[Dataset excerpts]
------------------------------------

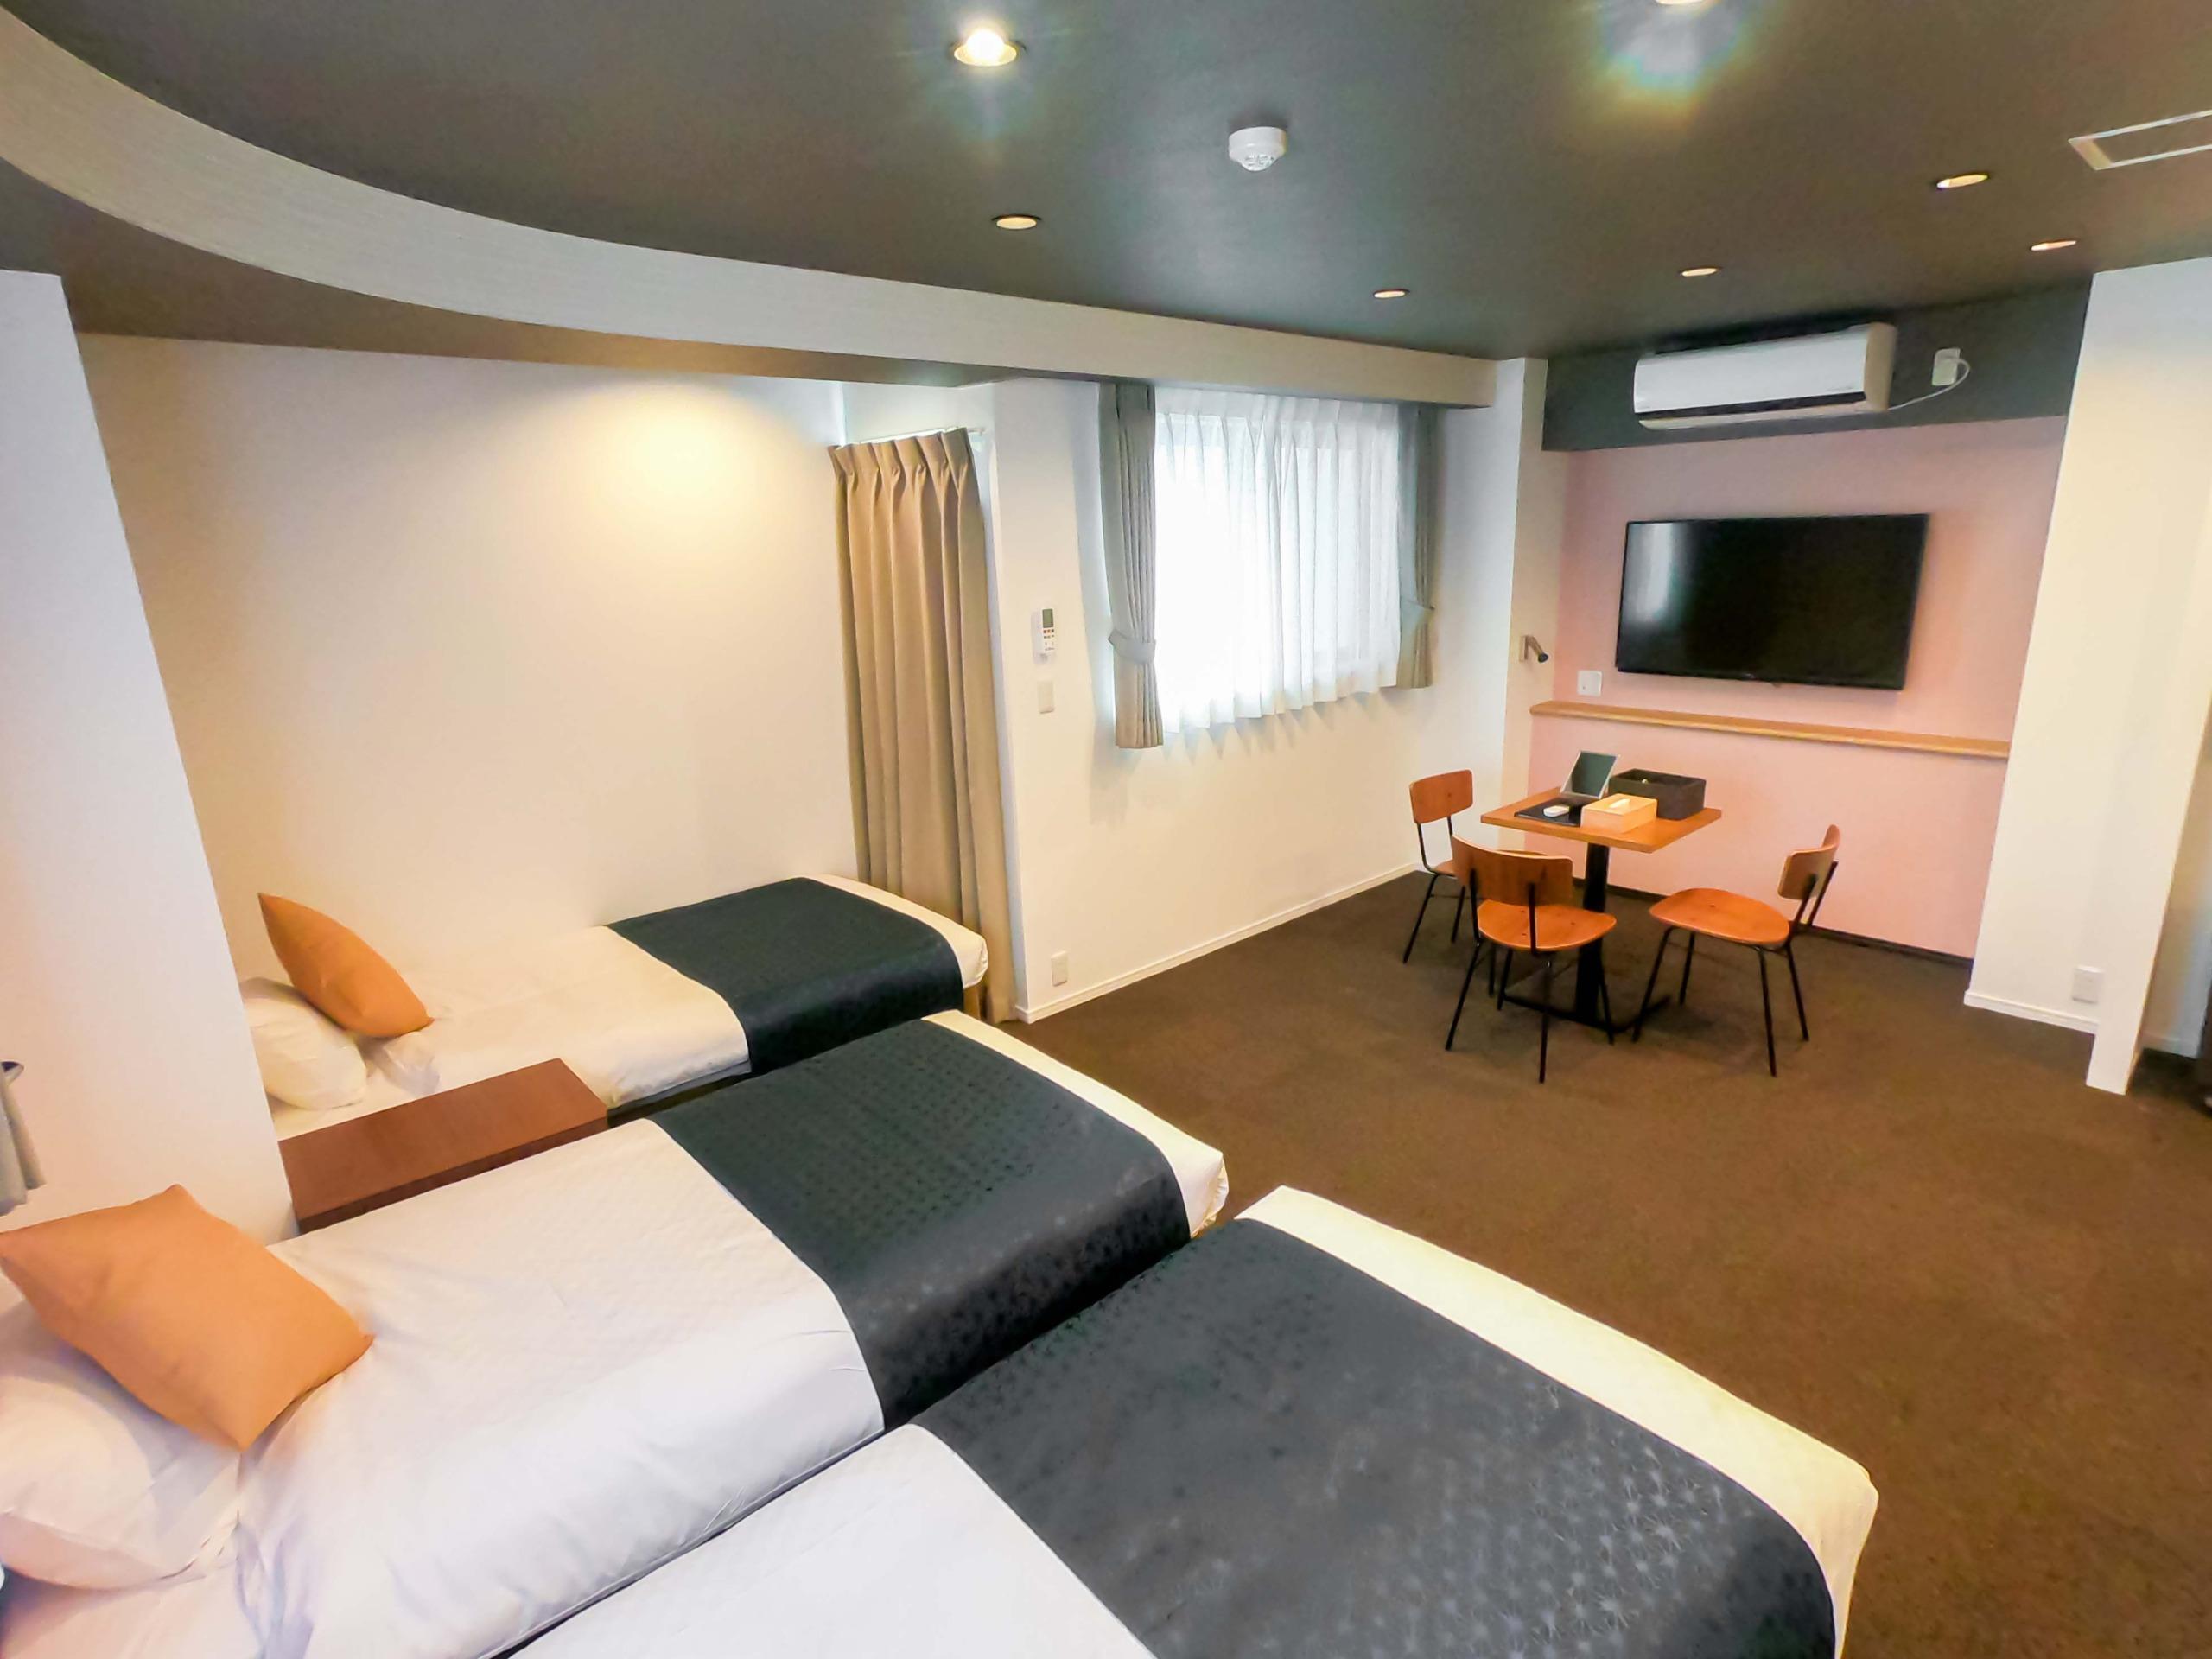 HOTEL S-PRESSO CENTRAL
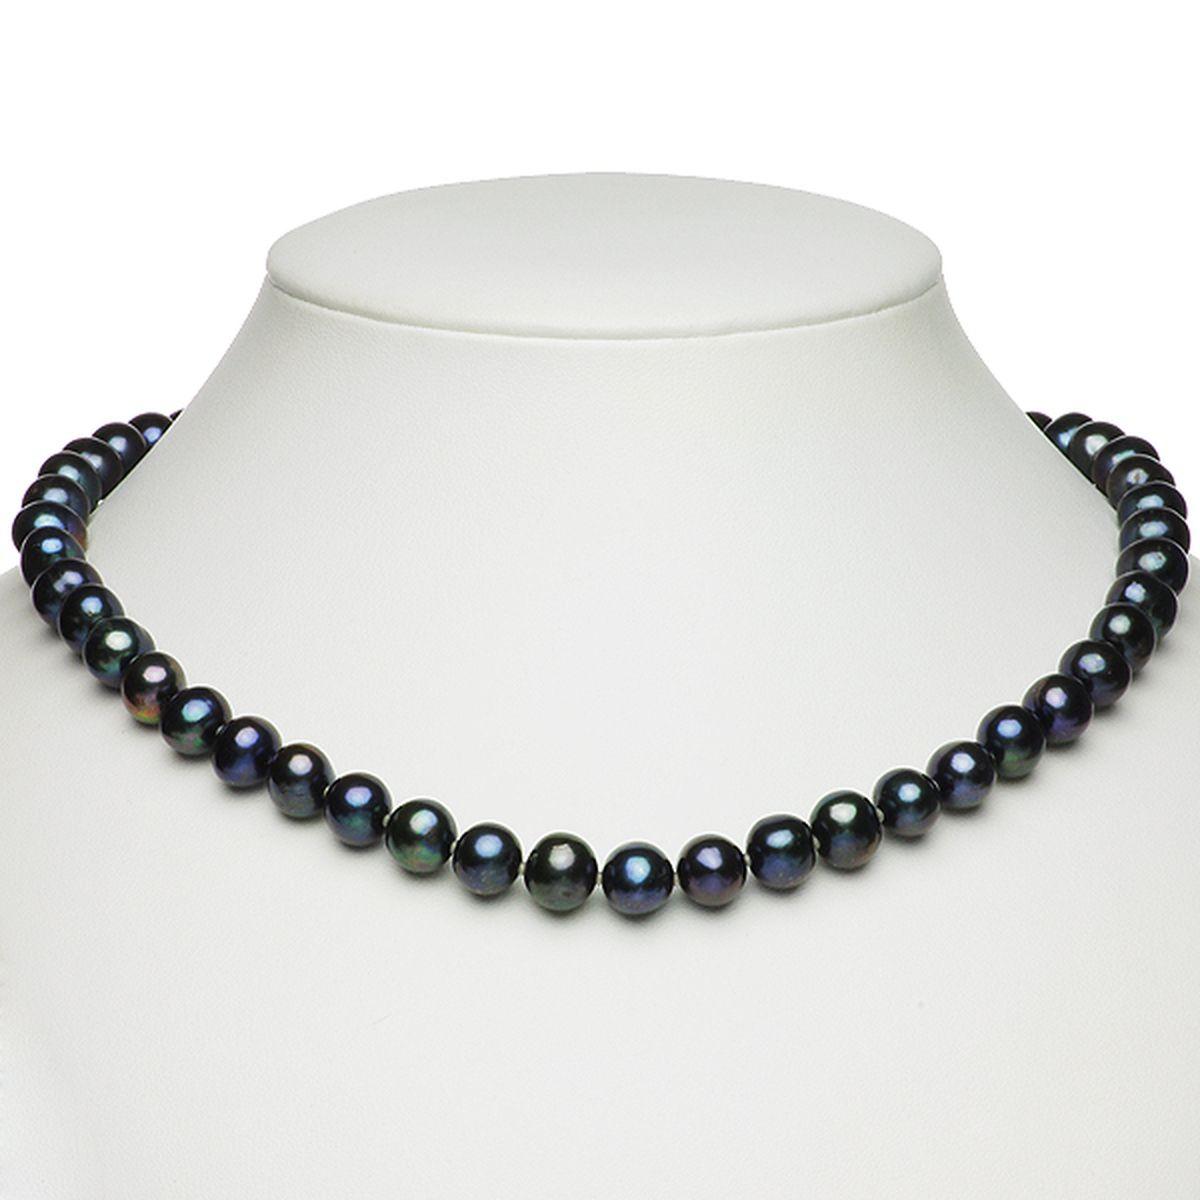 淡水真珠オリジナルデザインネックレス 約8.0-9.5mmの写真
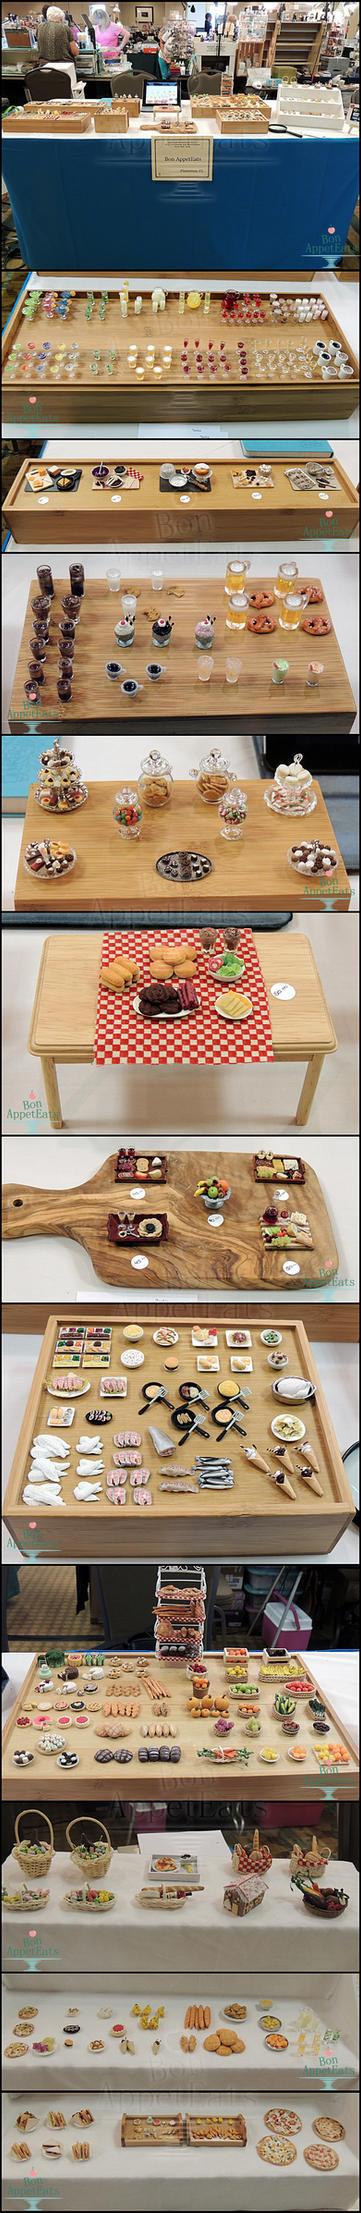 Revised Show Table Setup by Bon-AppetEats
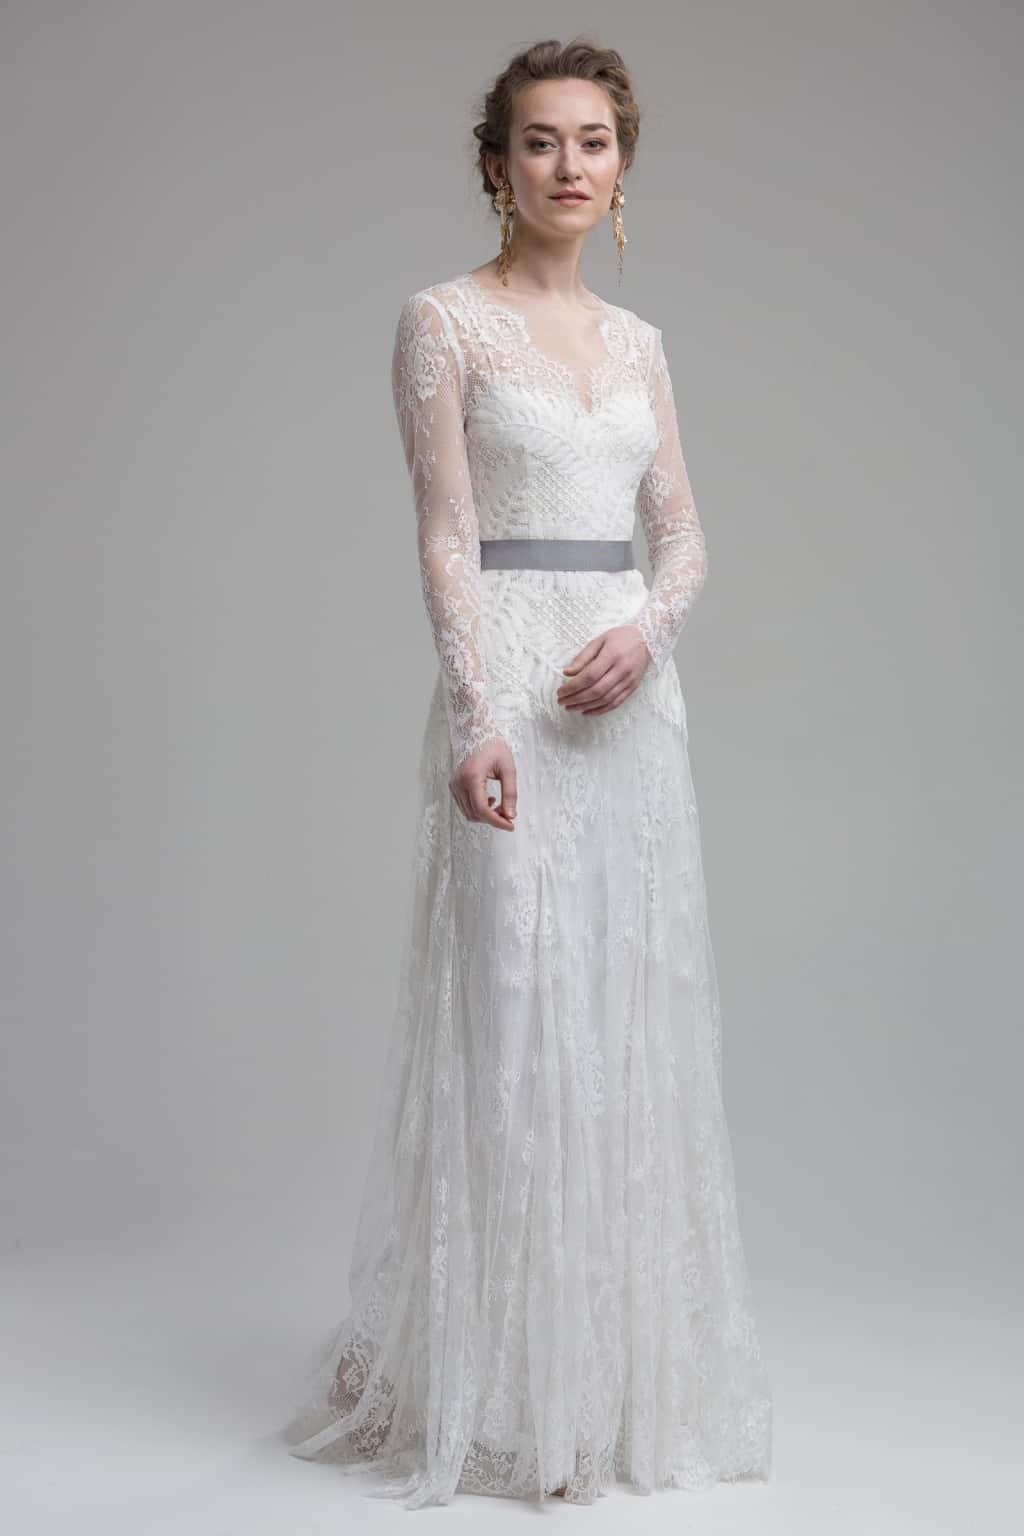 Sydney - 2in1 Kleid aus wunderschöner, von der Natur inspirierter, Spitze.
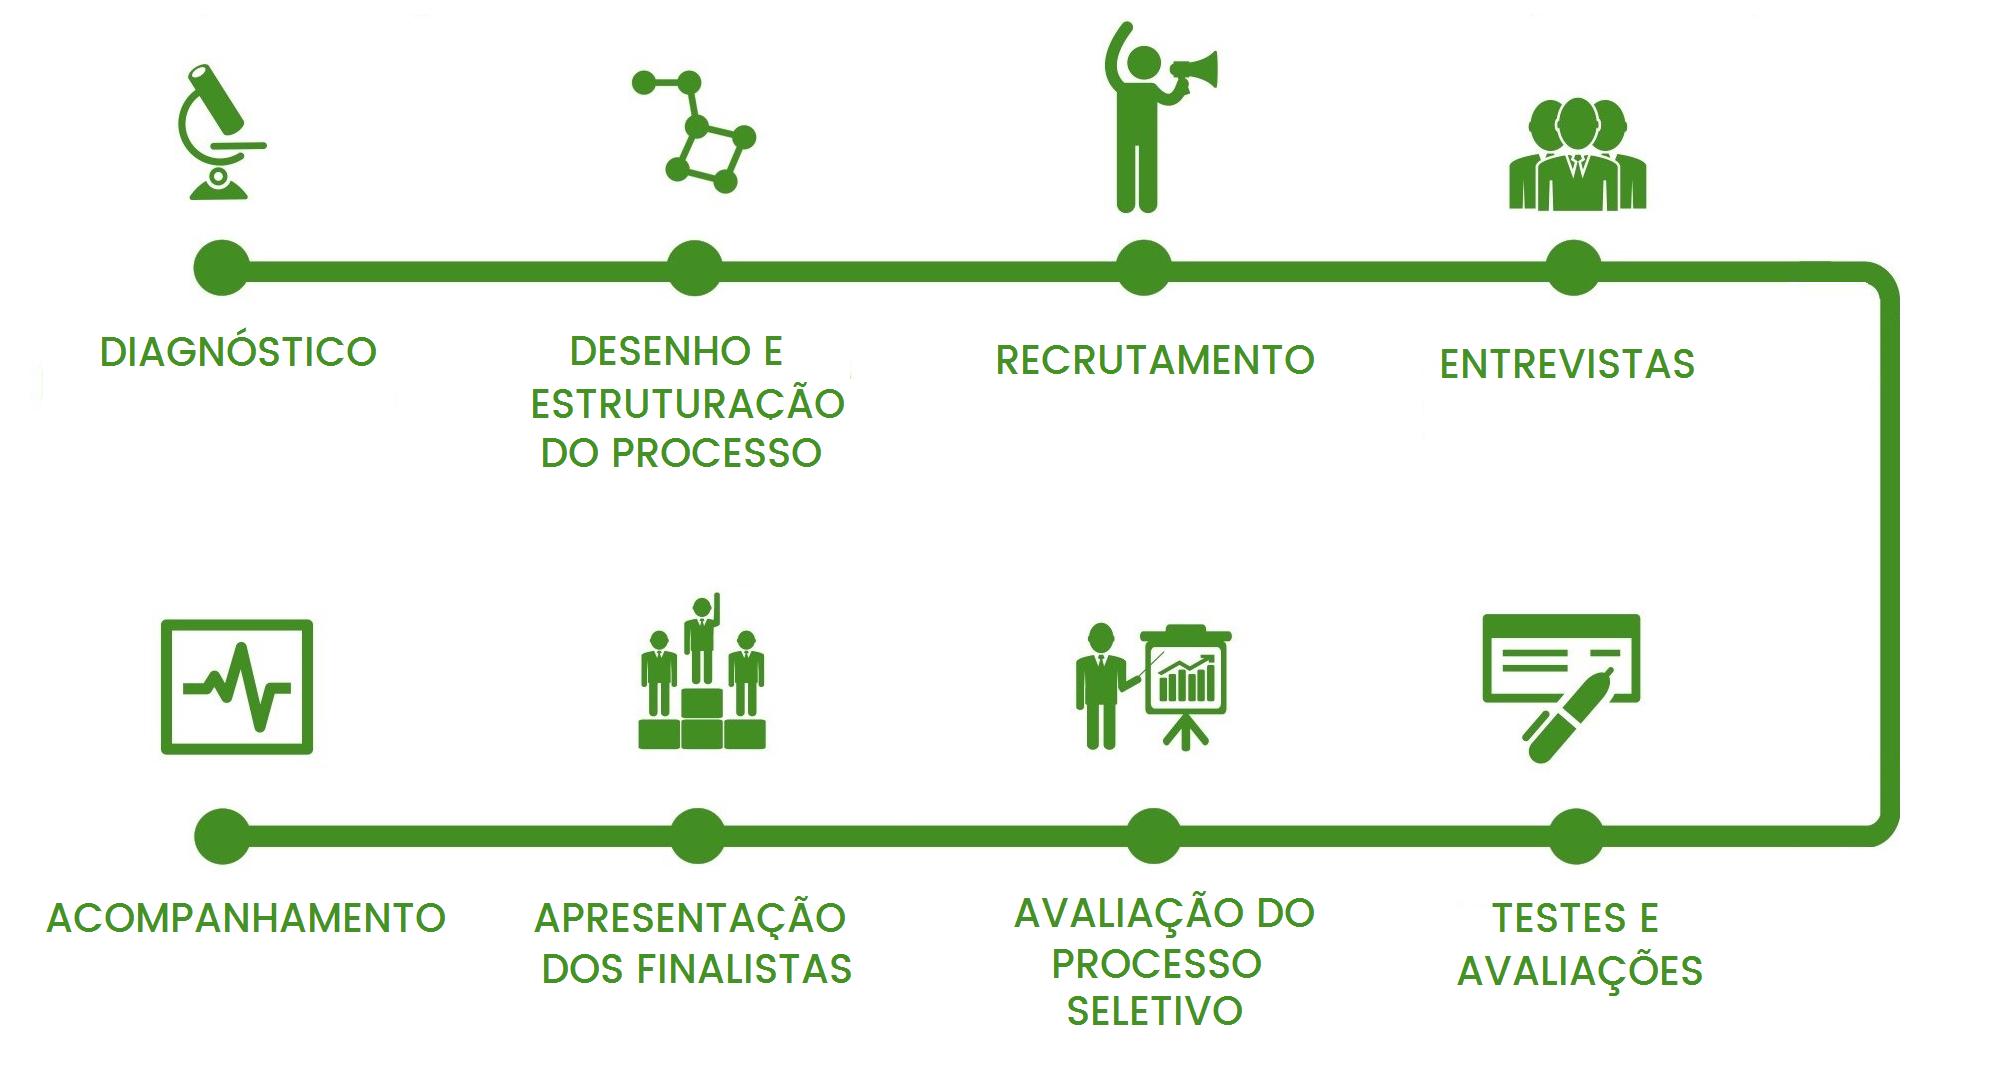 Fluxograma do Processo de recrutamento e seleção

------------------------------------

Goal of the exercise
Pictures are to be dropped; every line of the records is to be returned unchanged.

Exercise solution
 HOTEL S-PRESSO CENTRAL
 淡水真珠オリジナルデザインネックレス 約8.0-9.5mmの写真
 Revised Show Table Setup by Bon-AppetEats
 Sydney - 2in1 Kleid aus wunderschöner, von der Natur inspirierter, Spitze.
 Fluxograma do Processo de recrutamento e seleção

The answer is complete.